Der Zentralverband des Deutschen Handwerks lobt die neue Ersatzbaustoffverordnung. Er fordert aber Nachbesserungen bei Bürokratieabbau, Rechtssicherheit und KMU-Tauglichkeit.

Jedes Jahr fallen rund 200 Mio. Tonnen mineralische Abfälle, etwa aus Bau- und Abbrucharbeiten, an. Sie können zu mineralischen Ersatzbaustoffen (MEB) aufbereitet und anschließend wieder im Tiefbau verwertet werden, wo sie Primärbaustoffe ersetzen. Mit der Ersatzbaustoffverordnung (ErsatzbaustoffV) wurde 2023 erstmalig eine bundeseinheitliche Regelung für die Verwertung mineralischer Abfälle als Ersatzbaustoffe geschaffen. Sie soll jetzt reformiert werden.

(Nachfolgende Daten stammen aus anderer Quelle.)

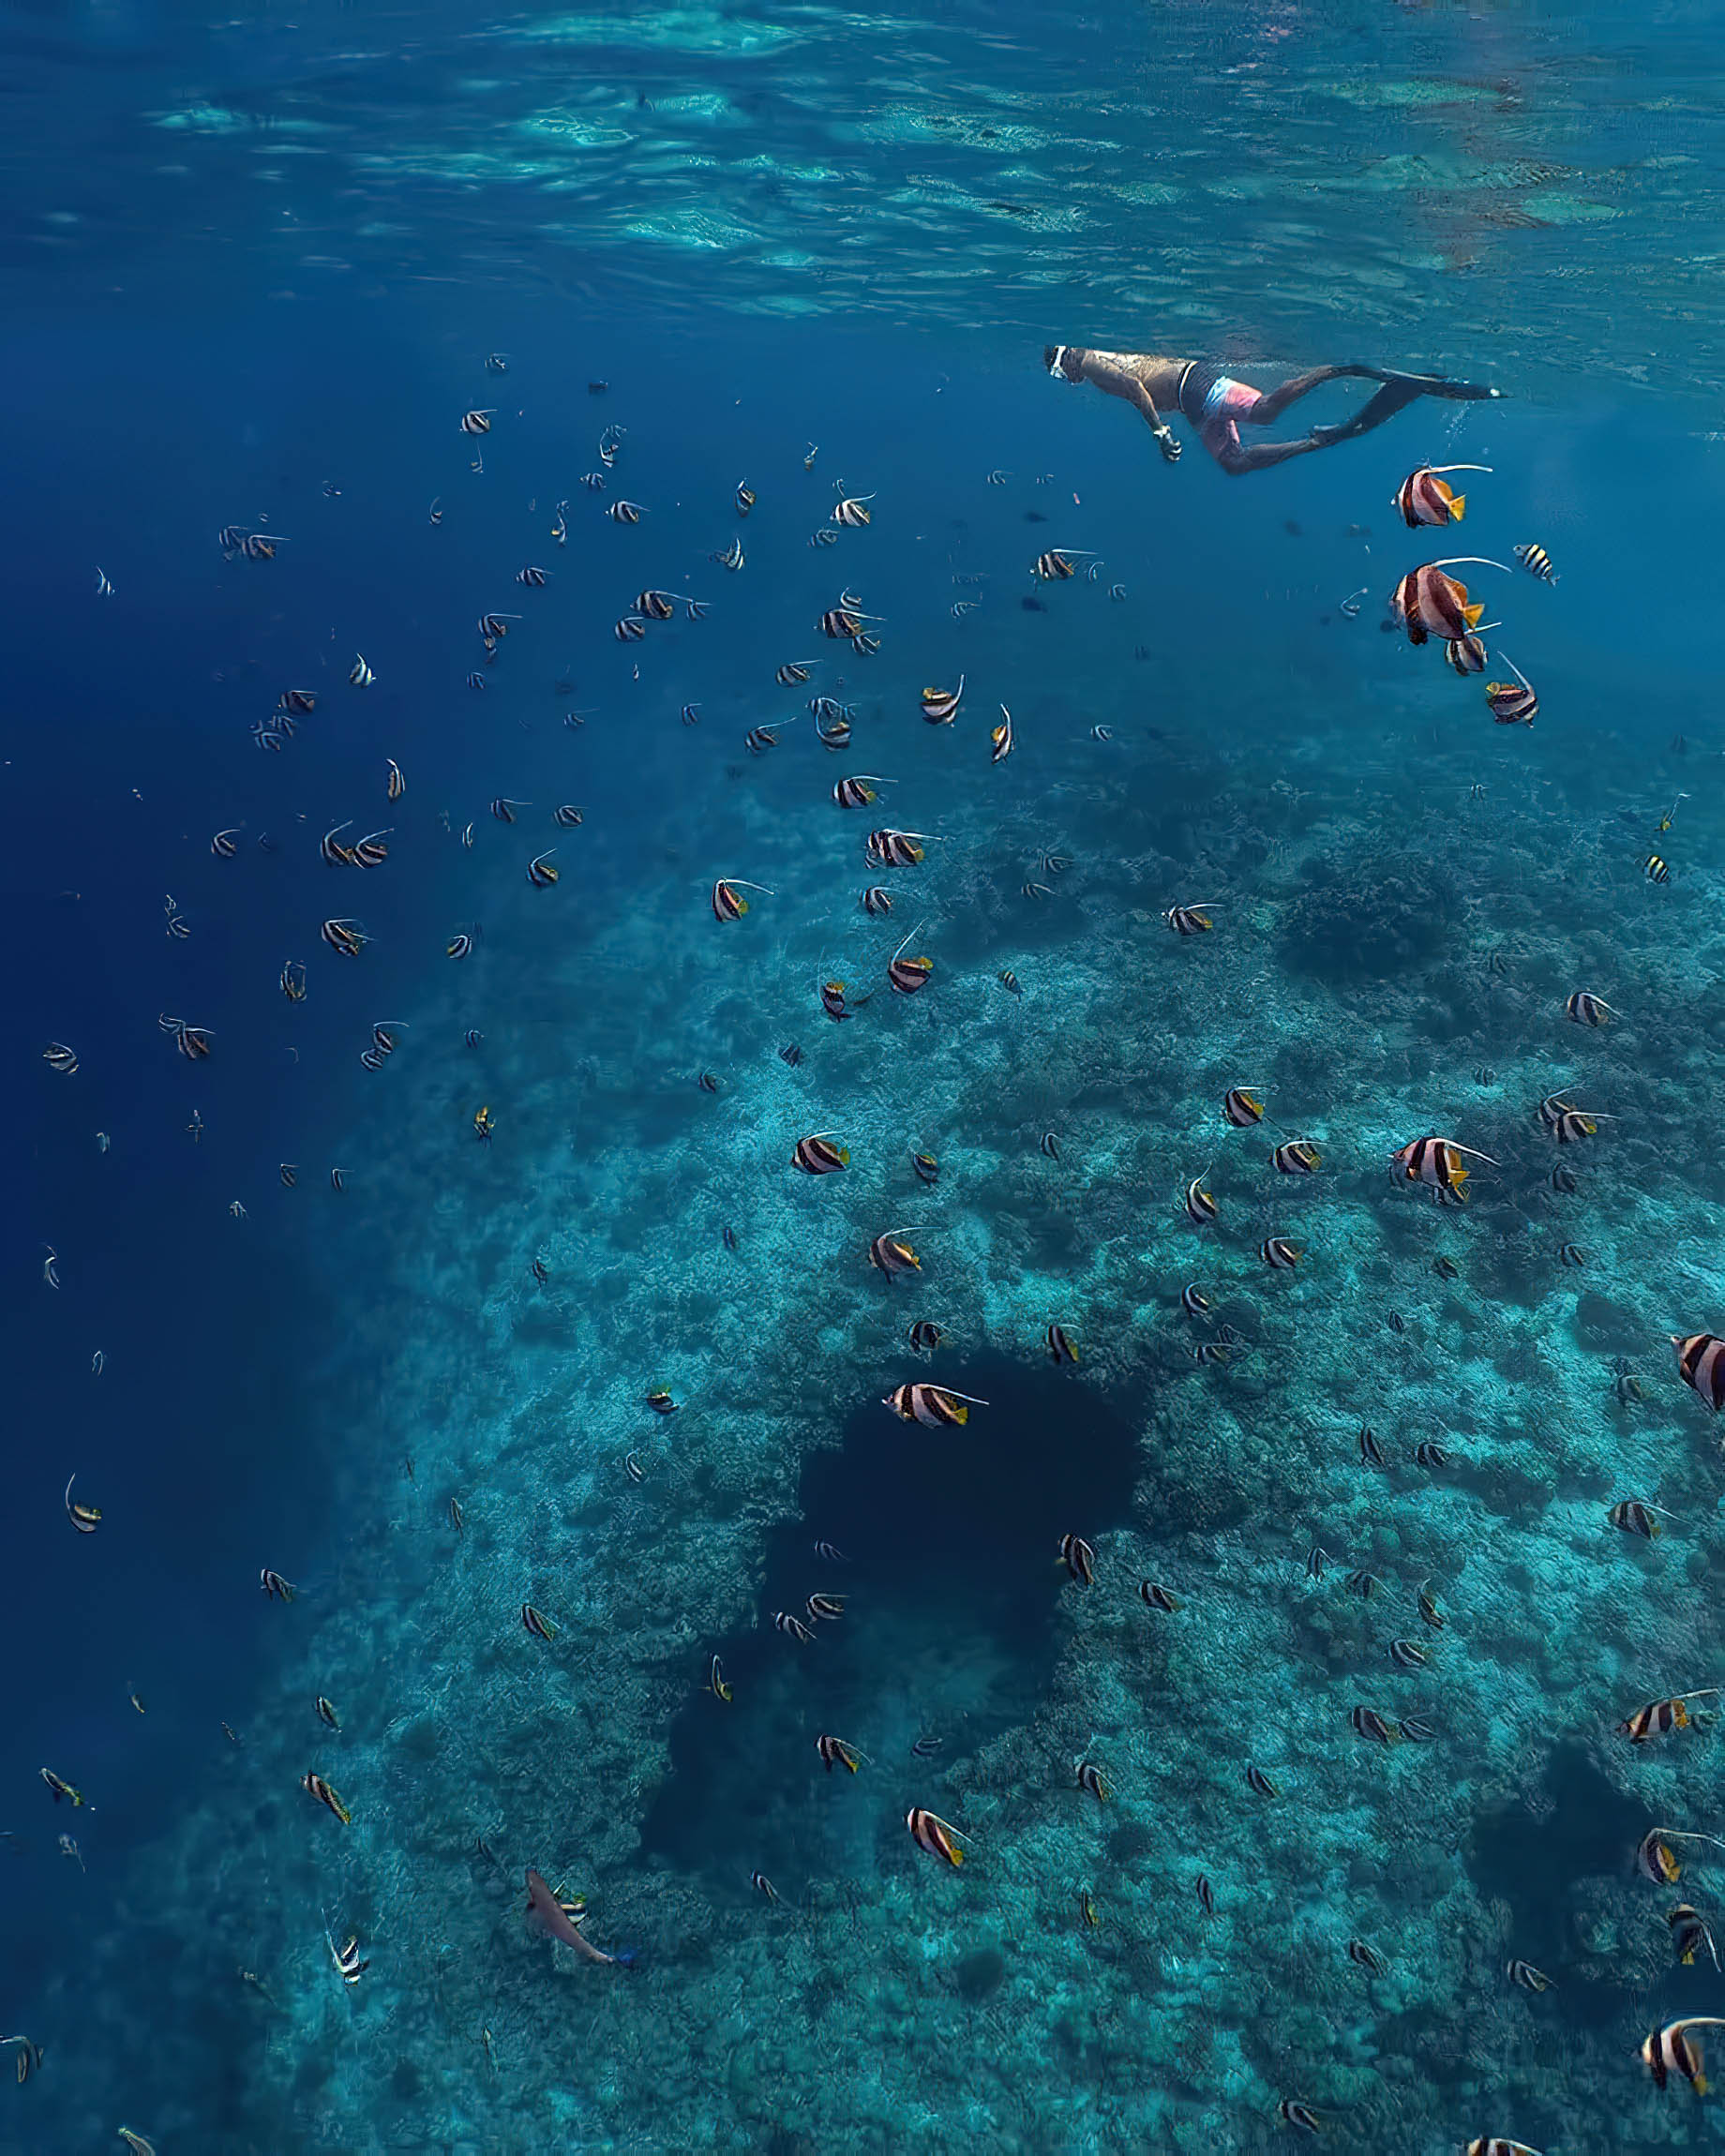 Amilla Fushi Resort and Residences - Baa Atoll, Maldives - Ocean Watersports Snorkeling

Der Zentralverband des Deutschen Handwerks (ZDH) unterstützt die Neufassung grundsätzlich und lobt die zahlreichen Verbesserungen, die der Referentenentwurf aufgreift.

Erleichterungen geplant

Die geplante Novelle adressiert viele praktische Probleme und soll den Vollzug der Ersatzbaustoffverordnung vereinfachen. Sie baut laut ZDH bestehende Hemmnisse für die Verwertung mineralischer Ersatzbaustoffe ab. Besonders begrüßt der Verband die Vereinheitlichung der Untersuchungsverfahren auf den Säulenkurztest. Diese Anpassung ermögliche vergleichbare Ergebnisse und verringere widersprüchliche Analysen, Mehrfachuntersuchungen sowie unnötige Kosten. 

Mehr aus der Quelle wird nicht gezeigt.